E, ainda que seja questionável o aspecto moral da conduta daquele que foge do local do acidente para evitar sua responsabilidade civil – atitude que, a toda evidência, não é compatível com a construção de uma sociedade justa e solidária –, não podemos olvidar que a fuga do local do acidente sem vítima pode ser objeto de tutela por outros âmbitos do Direito, suficientes para tutelar os interesses em questão.
Notas
[1] STF. Pleno. RE 971959, Rel. Luiz Fux, j. 14/11/2018.
[2] Nesse sentido: TJRS, Incidente de Inconstitucionalidade 70047947478; TJSP, Arguição de Inconstitucionalidade nº 990.10.159020-4; TJMG, Arguição de Inconstitucionalidade 1.0000.07.456021-0/000; TJSC, Arguição de Inconstitucionalidade em Apelação Criminal 2009.026222-9/001.00; TRF4, Arguição de Inconstitucionalidade 0004934- 66.2011.404.0000.

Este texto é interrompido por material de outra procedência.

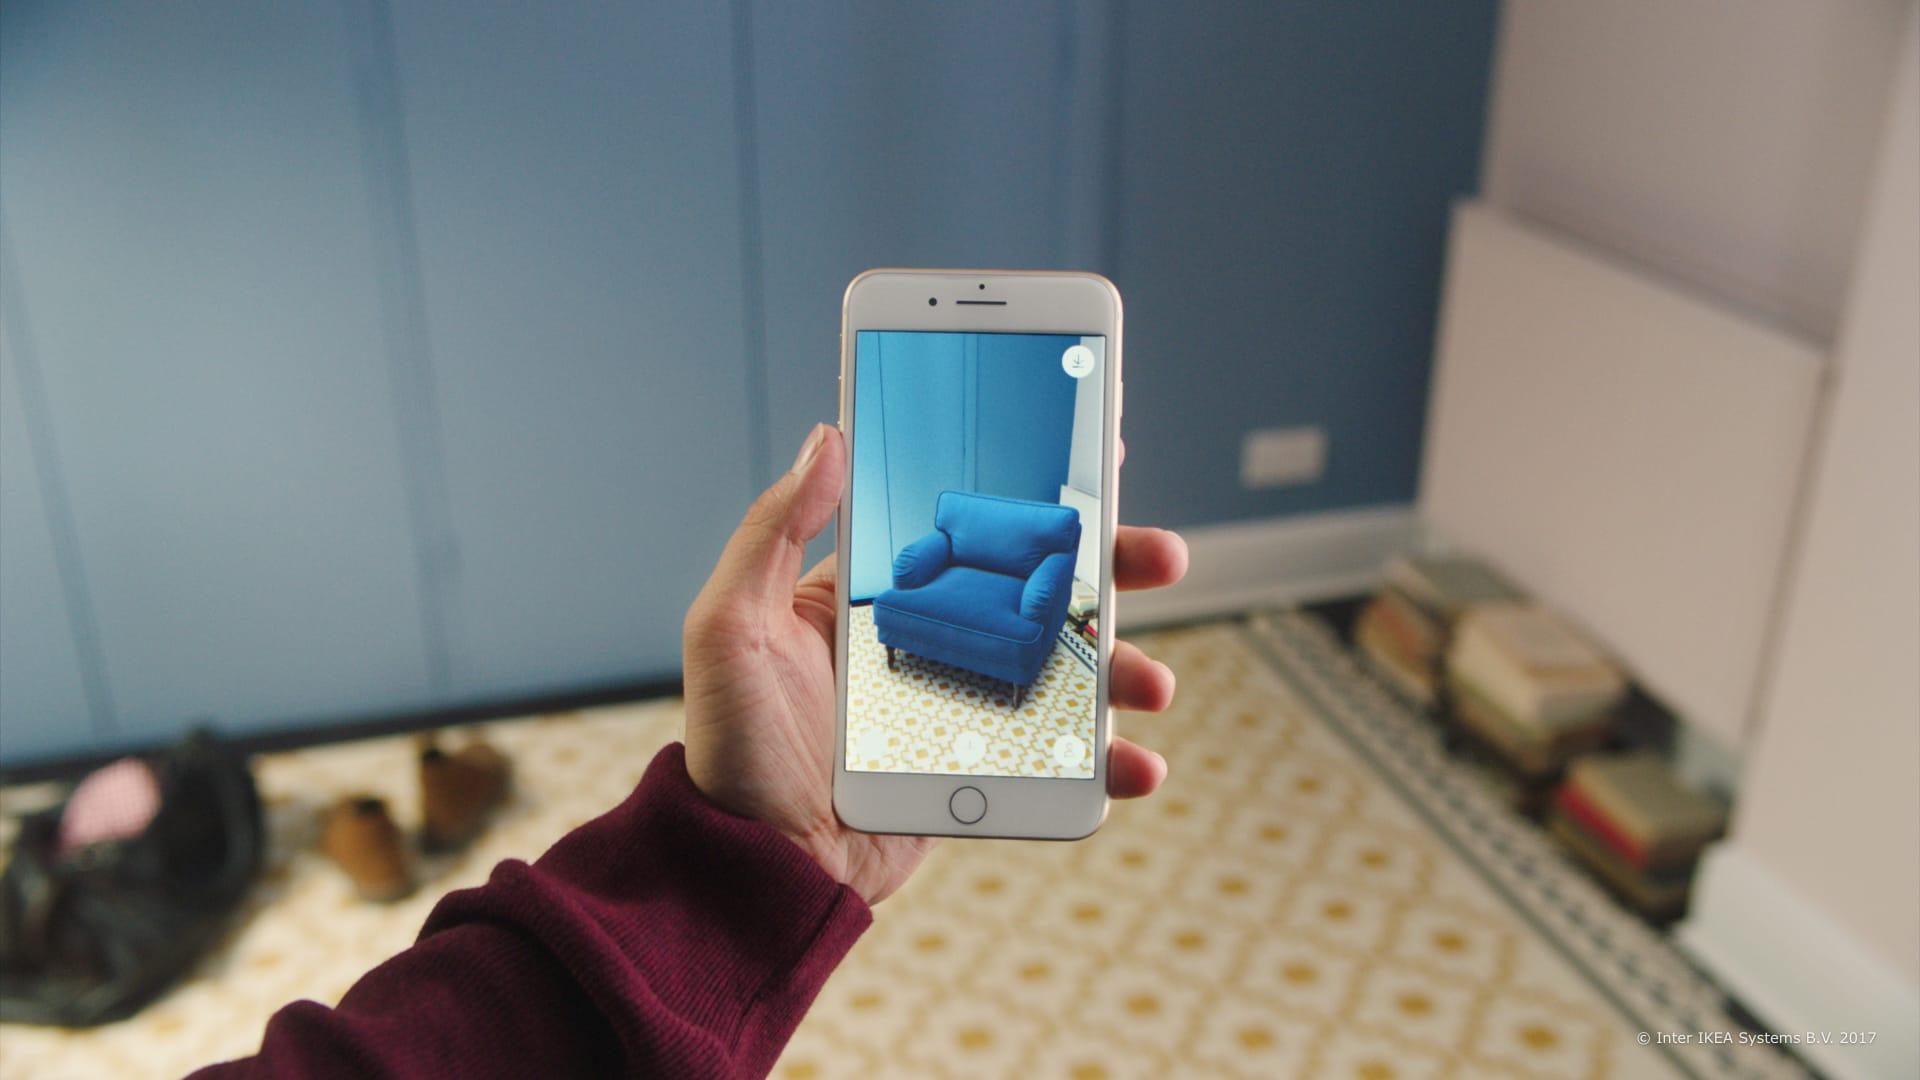 IKEA place ar app

[3] Sinônimos: nemo tenetur se ipsum accusare ou nemo tenetur se ipsum prodere.
[4] Guilherme de Souza Nucci; Damásio Evangelista de Jesus; Cláudia Barros Portocarrero; Ariosvaldo de Campos Pires; Sheila Jorge Selim Sales.
[5] NUCCI, Guilherme de Souza. Leis Penais e Processuais Penais Comentadas. 10ª Ed. Vol 2, Rio de Janeiro: Forense, 2017, p. 1015.
[6] CABETTE, Eduardo Luiz Santos. A inconstitucionalidade do artigo 305 do Código de Trânsito Brasileiro. Disponível em: https://eduardocabette.jusbrasil.com.br/artigos/258222819/a-inconstitucionalidade-do-artigo-305-do-codigo-de-transito-brasileiro. Acessado em 21/11/2018.
[7] TJSC, Argüição de Inconstitucionalidade em Apelação Criminal 2009.026222-9, de Forquilhinha, rel. Des. Salete Silva Sommariva, j. 01-06-2011
[8] Atente-se para o fato de que o STF, no julgamento do RE 349703 e do RE 466343, que discutiam a prisão civil de alienante fiduciário infiel, decidiu por estender a proibição de prisão civil por dívida, prevista no artigo 5°, inciso LXVII, da Constituição Federal, às hipóteses de infidelidade no depósito de bens e alienação fiduciária. Assim, a prisão civil por dívida é aplicável apenas ao responsável pelo inadimplemento voluntário e inescusável de obrigação alimentícia.
[9] Dano que terá apenas consequências cíveis, já que não existe crime culposo de dano.